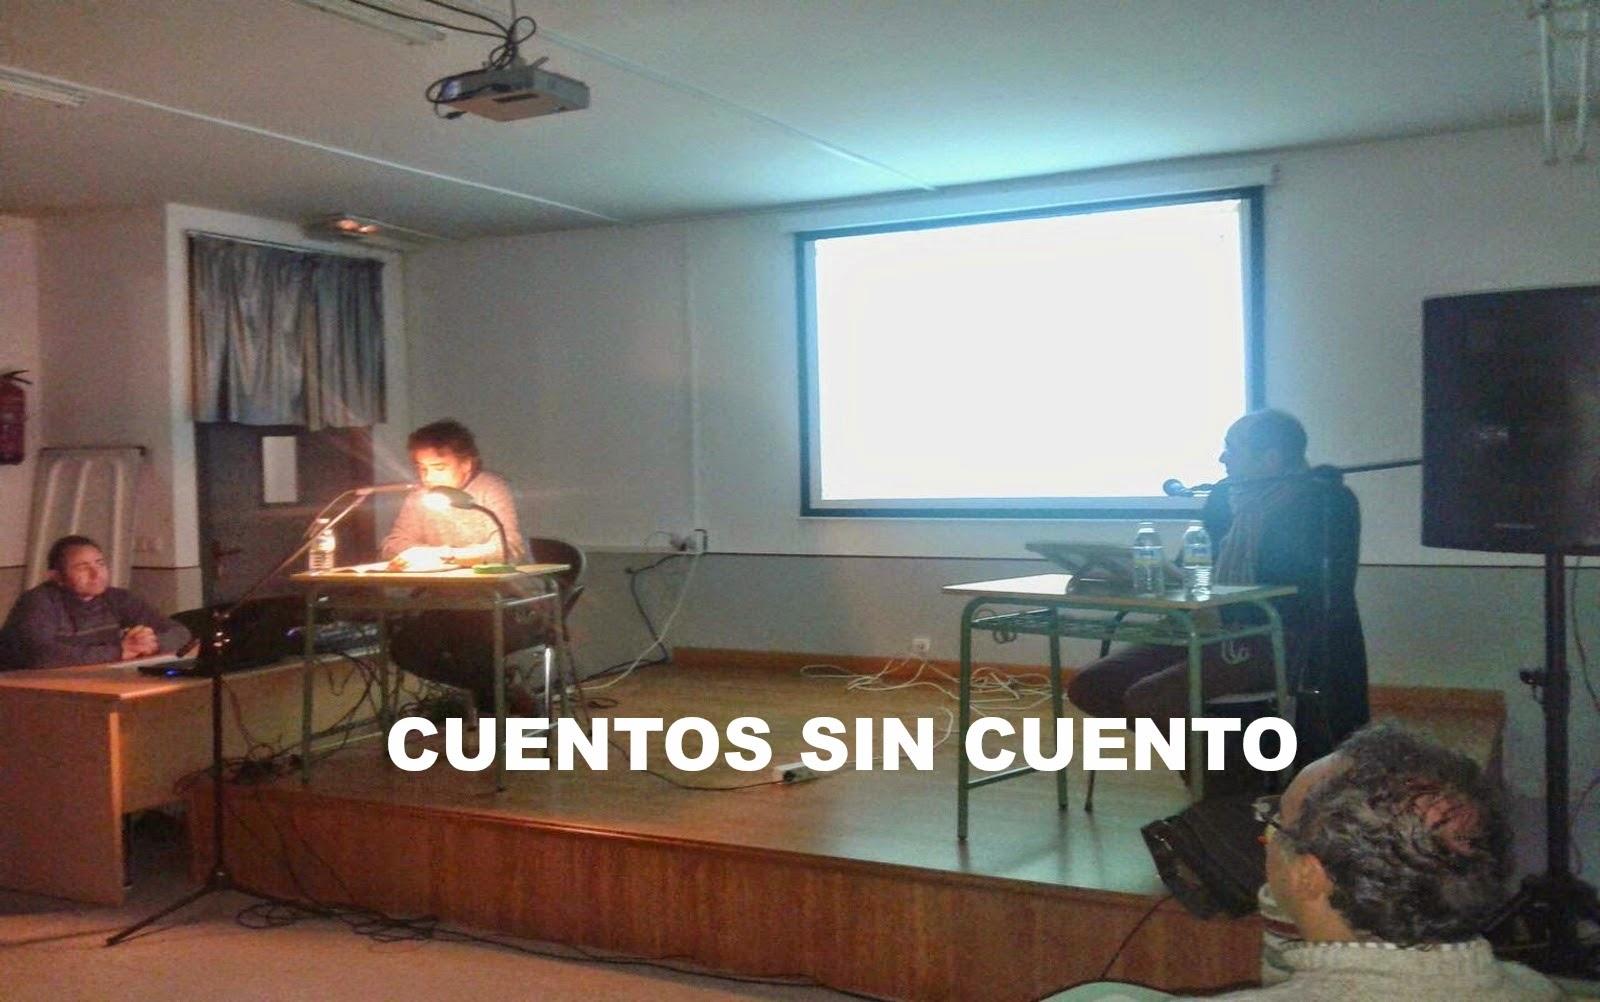 http://blogfuenteroniel.blogspot.com.es/2015/03/cuentos-sin-cuento-en-el-ies-fuente.html
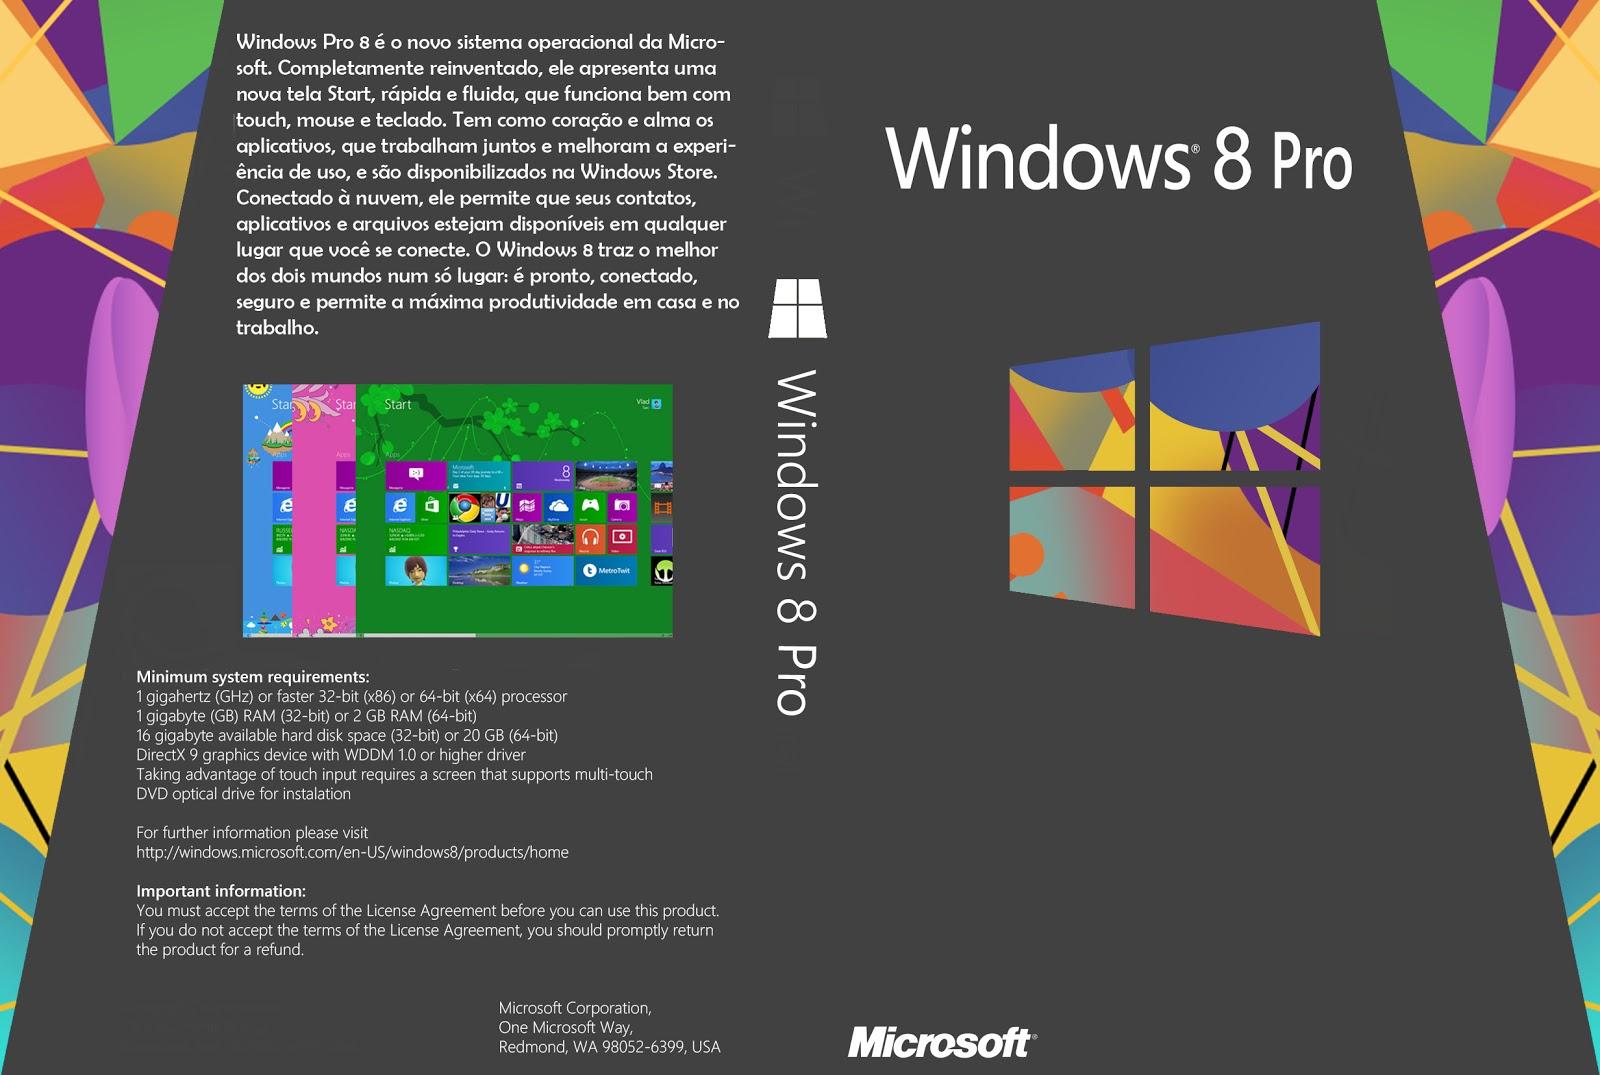 baixar windows 8.1 32 bits portugues completo torrent
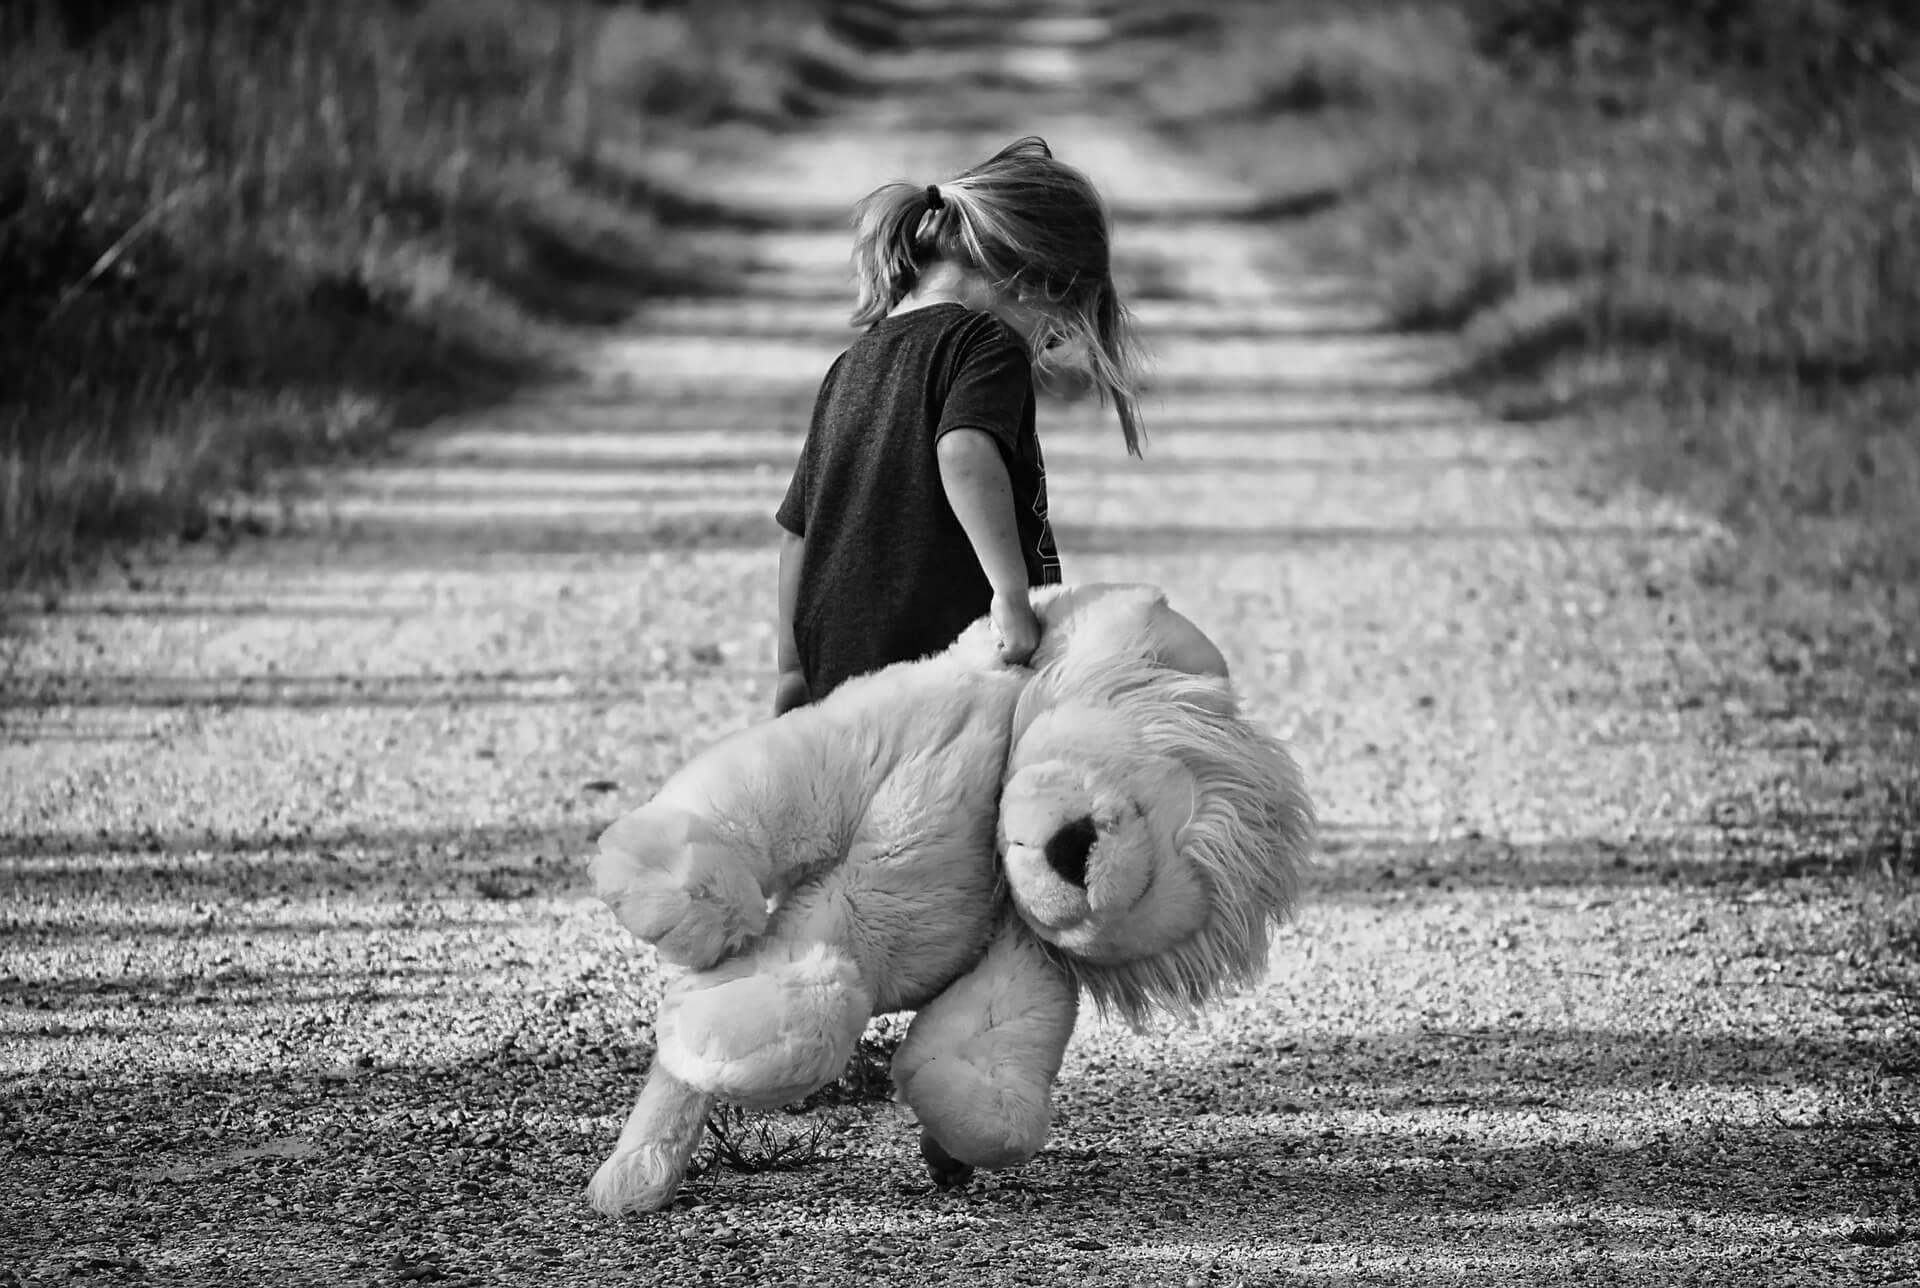 Kinder Brauchen Keinen Trost Sondern Etwas Viel Wichtigeres

TASK ITEM —
Word-for-word output of the material above is needed, with the pictures left out.

RESPONSE FOR THIS EXERCISE —
 http://blogfuenteroniel.blogspot.com.es/2015/03/cuentos-sin-cuento-en-el-ies-fuente.html
 baixar windows 8.1 32 bits portugues completo torrent
 Kinder Brauchen Keinen Trost Sondern Etwas Viel Wichtigeres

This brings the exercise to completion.